Awwwwww he is just gorgeous :love10: :love10: :love10: :love10:


----------



## melonypersians (Jan 3, 2008)

i love doggels. i hope to get a pair for my babies.


----------



## Harley Ridin Chopper (Nov 8, 2007)

melonypersians said:


> i love doggels. i hope to get a pair for my babies.



Be sure you start them young and put them on the first time outside as it makes it hard for them to see inside, just like if you wore sunglasses in the house. Plus if you can do it in the grass it keeps them from scratching the lenses when they first have them on, because they will try to rub them off, be sure to give lots of treats when using the doggles at first and only leave them on for a few minutes at a time.


----------



## Minnie's Mummy (Nov 16, 2007)

Awww how sweet does little chopper look  bless him


----------



## BellaLina's Mom (Mar 16, 2007)

Chopper is cute and handsome with his doggles.


----------



## DlTobin (May 15, 2007)

yep yep I admit..Rocky (min pin) has black ones with flames on the side and Mabelline has a pink pair with a lil rhinestone heart on them.....lol


----------



## Guest (Jan 4, 2008)

REALLY??? blimey, pink with diamantes!!! VERY POSH lol


----------



## DlTobin (May 15, 2007)

well heres the thing...never never have I had a lil girl I could go nuts over....Meli my pom well she is 16 now and they didnt have all this stuff then and well she is a fluff ball and had no need for clothes not that they had that much out there then...she does have a collection of rhinestone collars....hehe I always called them her Elizabeth Taylor collection lol


----------



## Guest (Jan 4, 2008)

awww bless. I would love a daughter but that wont ever happen so i'll get chi's instead


----------



## carachi (Mar 20, 2005)

I would get them for my dogs but they'd never keep them on


----------



## *Tricia* (Dec 1, 2007)

I'm so impressed that your dogs will wear them -- Holly won't even keep clothes on!! I got her a new fido-fleece and she acts like she's paralyzed until I take it off of her. She's such a drama queen! haha


----------



## foxywench (Feb 7, 2005)

most dogs will adjust to them, they were origionally created for "biker dogs" dogs who accompany their owners on their motorcycles, and then the idea was quickly adapted for dogs who like to stick their head out the window and light eyed sun sensitive dogs.

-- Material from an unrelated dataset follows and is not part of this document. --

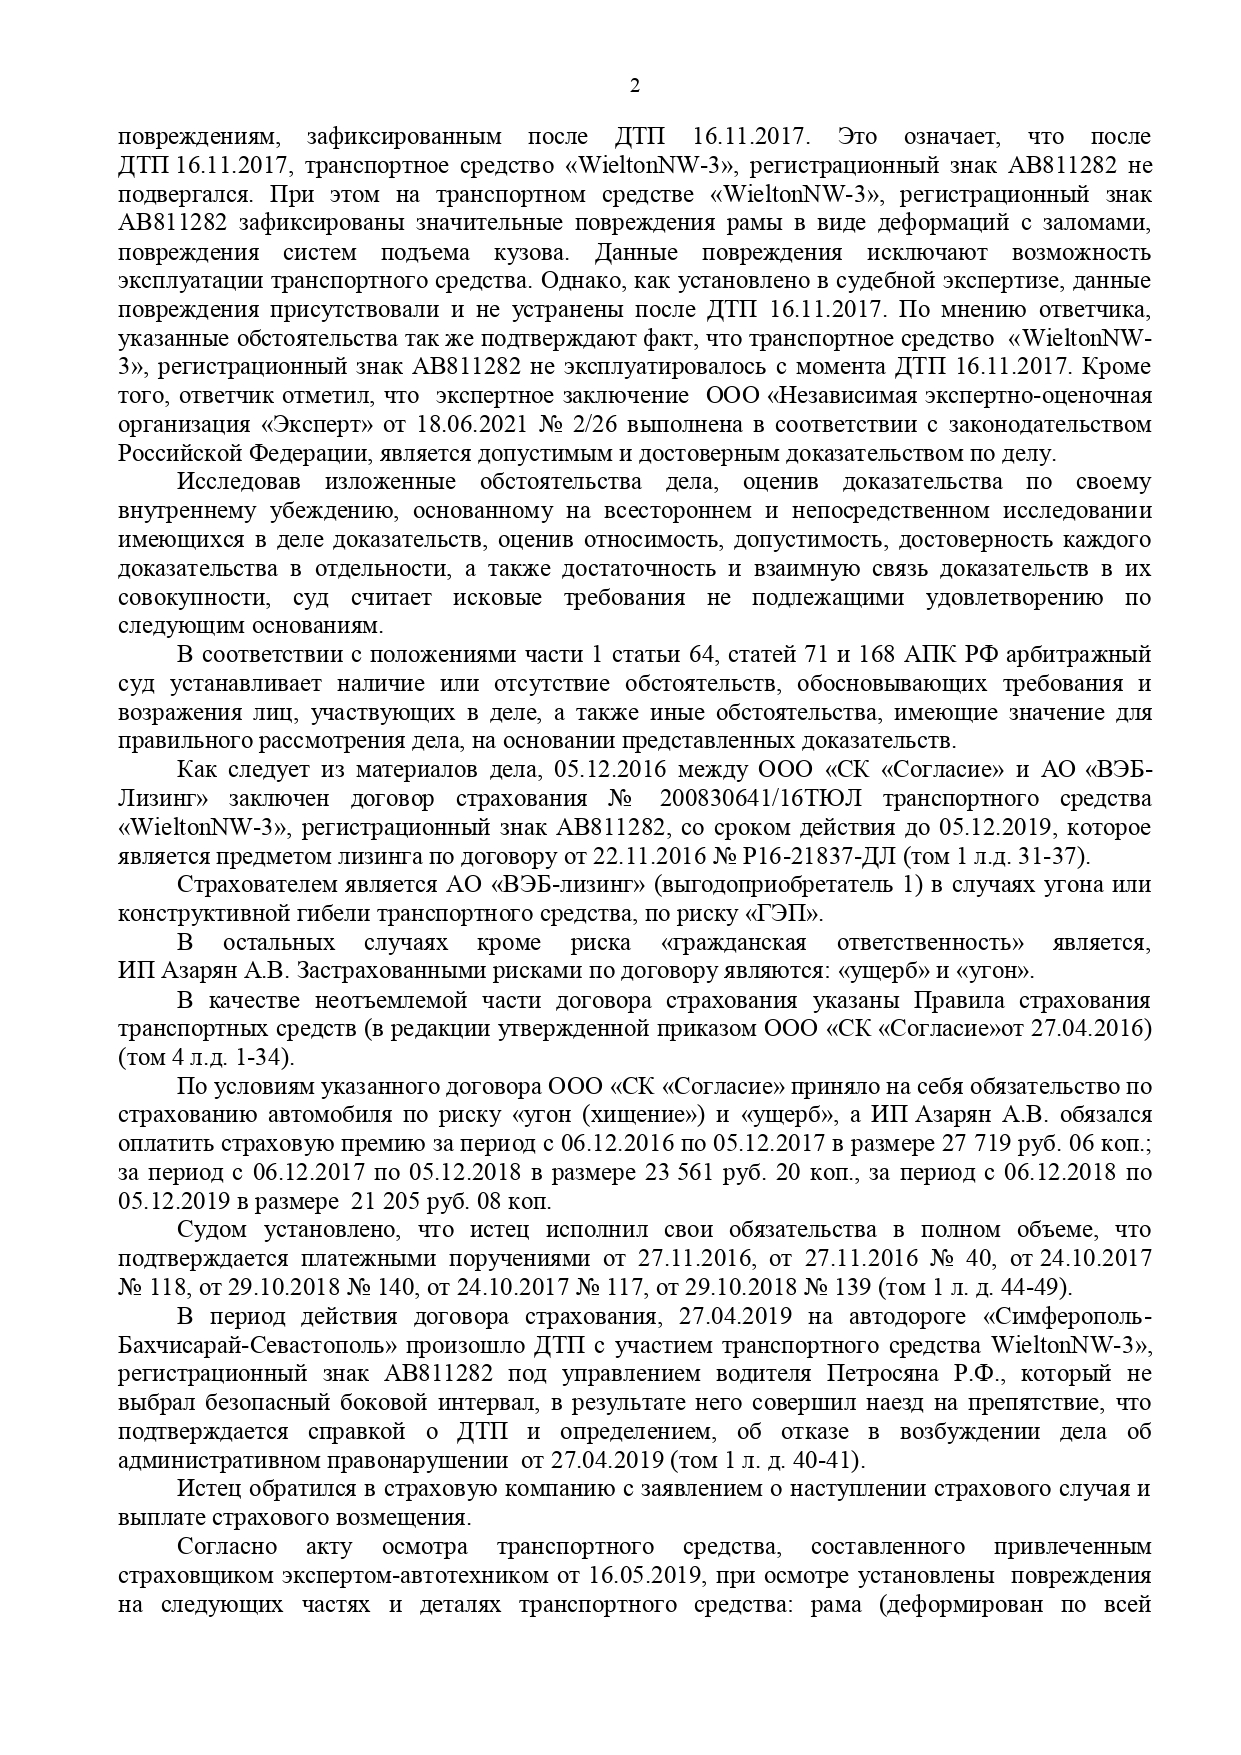 Арбитражный суд Ставропольского края вынес решение по делу №А63-14983/2020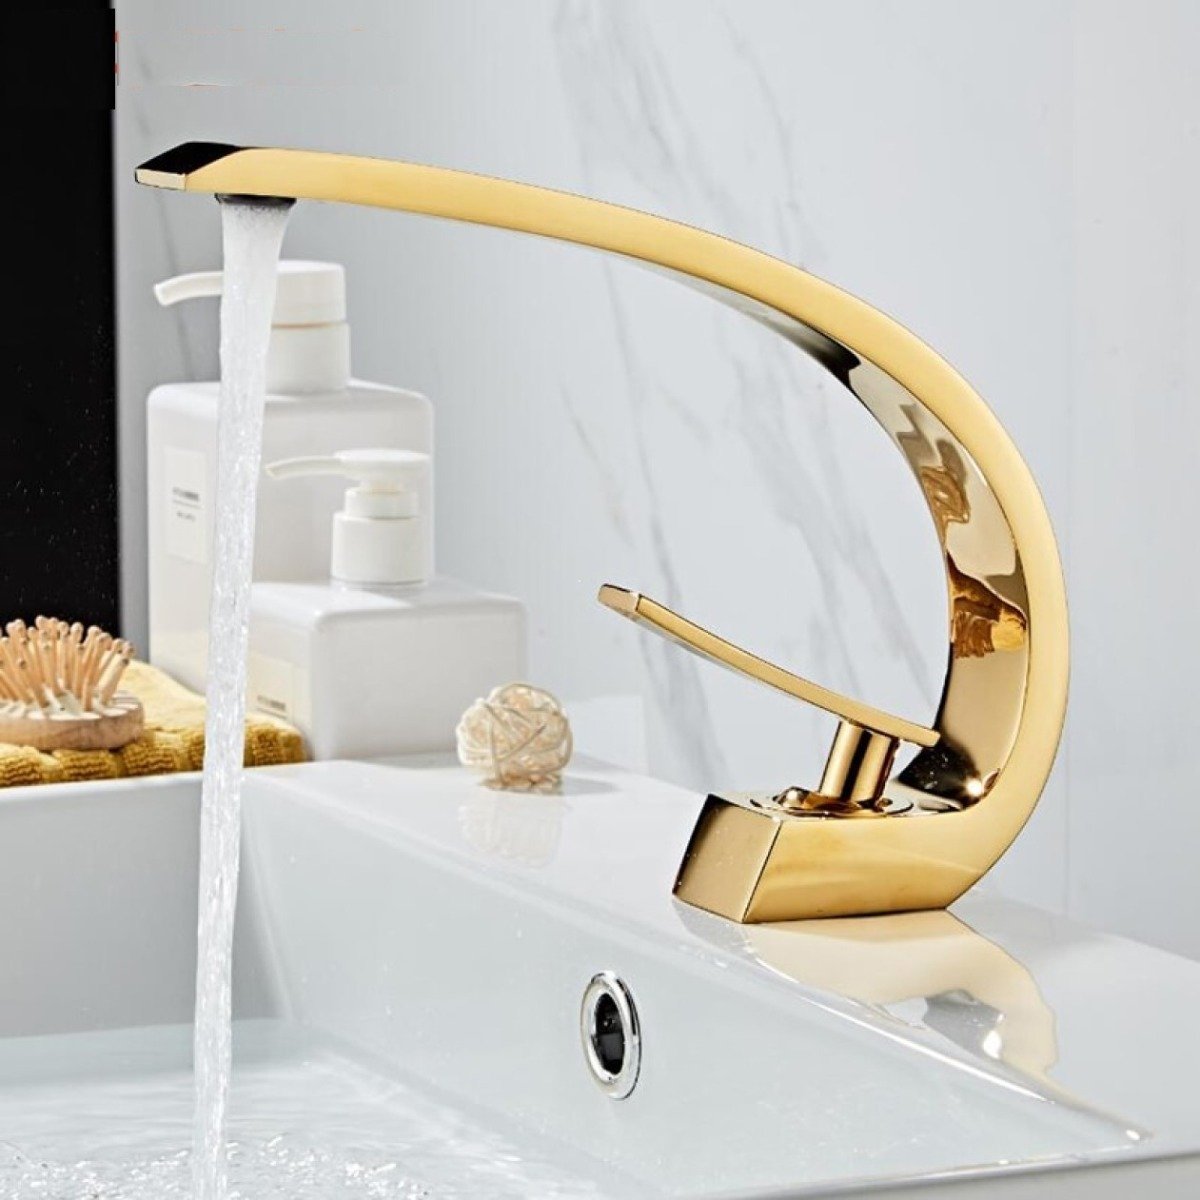 Torneira Moderna Banheiro Monocomando Dourada Elegante

they are WONDERFULL and a must for the saftey of any dog who likes to feel the wind in their ears...they stop depbris, rocks, bugs ect from hitting the cornea and potentially blind your dog.

most dogs will get used to them fairly quickly if your persistent. my parents chi rosie has some for when she goes on the bike, and ruby will be getting some for the summer if i can figure out a way to put a secure carry box on the back of my moped. i swear by them for the saftey of your pets eyes.


----------



## Guest (Jan 7, 2008)

I must say when I first saw these I did not see the practical side of the, I thought they were just an accesorie, but now i can see they have pratical uses I can see how good they are


----------



## chifreak (Dec 27, 2007)

Chico is just WAY TOO CUTE. So where are all the pics!!! is the new mommy too tired or just too busy???


----------



## chi_cutie26 (Sep 9, 2007)

This is a funny thread. I didn't know dogs actually wore them either. He does looks cute but also funny. His tiny head but big boggles.


----------



## Harley Ridin Chopper (Nov 8, 2007)

He does look like a bug doesn't he? Keep in mind this is not a recent picture of Chopper with doggles on, he was only about 11 weeks old there so he has grown since then, now he is almost 10 months so they fit his face better.


----------



## Jenilyn (Sep 9, 2007)

oh my gosh! chopper is so so cute.


----------



## chi_cutie26 (Sep 9, 2007)

DCC123 said:


> He does look like a bug doesn't he? Keep in mind this is not a recent picture of Chopper with doggles on, he was only about 11 weeks old there so he has grown since then, now he is almost 10 months so they fit his face better.



 It alright he's looks cute and a little sense of humor is good for me. You brought giggles which are good for my health  

Thanks for the reminder that it's not his most recent picture..


----------



## Guest (Jan 19, 2008)

well, I actually saw some of these for sale yesterday! I couldnt believe it, to actually see them!!! it was so cool


----------



## lfkj42 (Jan 18, 2008)

I know a lady that has them for her chi and he is the sweetest thing i have not tried them on mine but they all love the ball caps and Chopper is sooooo cute


----------



## AlekonaKini (Feb 6, 2005)

Oh my gosh! Chopper is ADORABLE!!


----------



## kimmiek915 (Oct 4, 2005)

I can't believe you taught Chopper to leave his doggles on. Minky would never let me put anything over her face. Chopper just looks darling.


----------